A key design decision is whether to use a single model or multiple models working together.

In [None]:
# Visualization: Single vs Multi-Model

fig, axes = plt.subplots(1, 2, figsize=(14, 6))

# Single Model
ax = axes[0]
ax.set_xlim(0, 100)
ax.set_ylim(0, 100)
ax.axis('off')

# Input
rect = plt.Rectangle((10, 40), 20, 20, facecolor='#3498db', edgecolor='white', lw=2)
ax.add_patch(rect)
ax.text(20, 50, 'Input', ha='center', va='center', color='white', fontweight='bold')

# Model
rect = plt.Rectangle((40, 35), 25, 30, facecolor='#e74c3c', edgecolor='white', lw=2)
ax.add_patch(rect)
ax.text(52.5, 50, 'Single\nModel', ha='center', va='center', color='white', fontweight='bold')

# Output
rect = plt.Rectangle((75, 40), 20, 20, facecolor='#27ae60', edgecolor='white', lw=2)
ax.add_patch(rect)
ax.text(85, 50, 'Output', ha='center', va='center', color='white', fontweight='bold')

# Arrows
ax.annotate('', xy=(40, 50), xytext=(30, 50), arrowprops=dict(arrowstyle='->', lw=2))
ax.annotate('', xy=(75, 50), xytext=(65, 50), arrowprops=dict(arrowstyle='->', lw=2))

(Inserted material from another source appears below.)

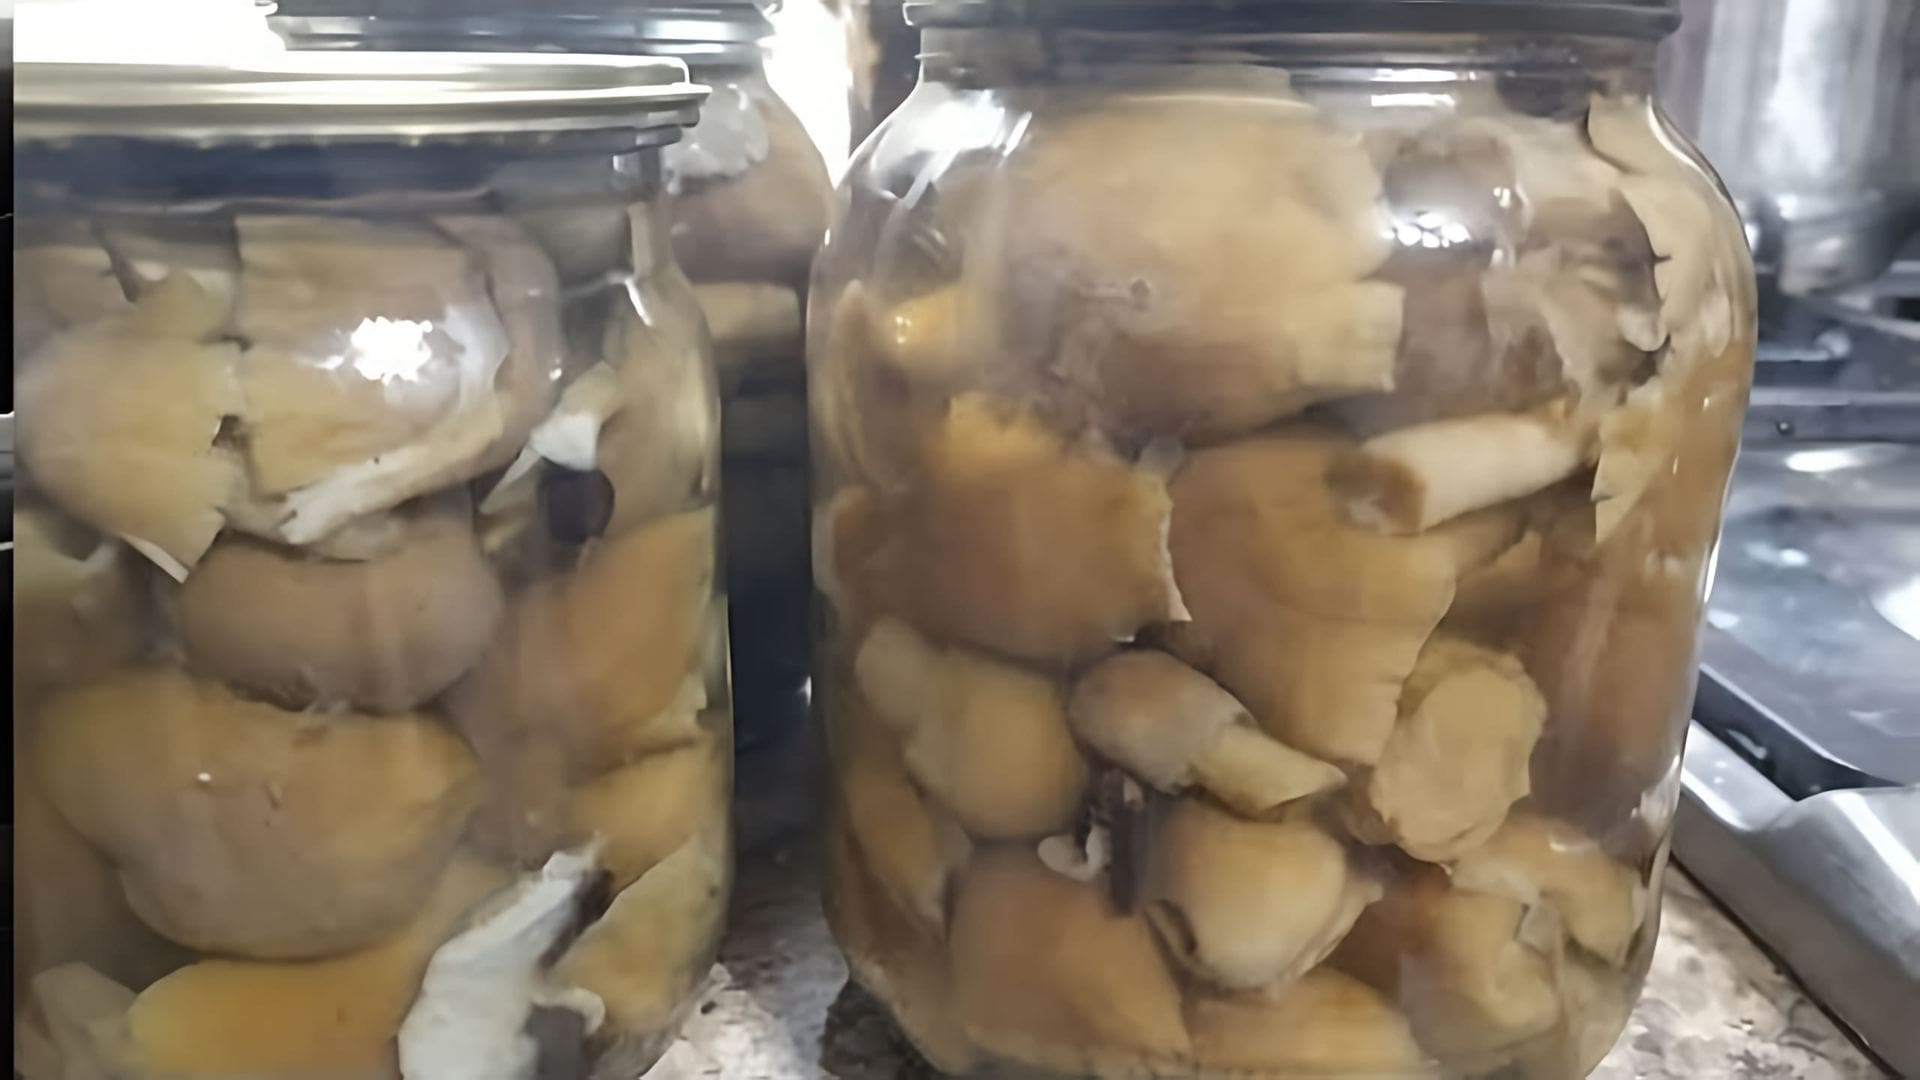 Маринованные грибы "Колпак кольчатый" - это вкусное и полезное блюдо, которое можно приготовить в домашних условиях

ax.set_title('Single Model Architecture', fontsize=12, fontweight='bold')

# Multi-Model
ax = axes[1]
ax.set_xlim(0, 100)
ax.set_ylim(0, 100)
ax.axis('off')

# Input
rect = plt.Rectangle((5, 40), 15, 20, facecolor='#3498db', edgecolor='white', lw=2)
ax.add_patch(rect)
ax.text(12.5, 50, 'Input', ha='center', va='center', color='white', fontweight='bold', fontsize=9)

# Model 1: Candidate Generation
rect = plt.Rectangle((25, 55), 20, 25, facecolor='#e74c3c', edgecolor='white', lw=2)
ax.add_patch(rect)
ax.text(35, 67.5, 'Candidate\nGen', ha='center', va='center', color='white', fontweight='bold', fontsize=8)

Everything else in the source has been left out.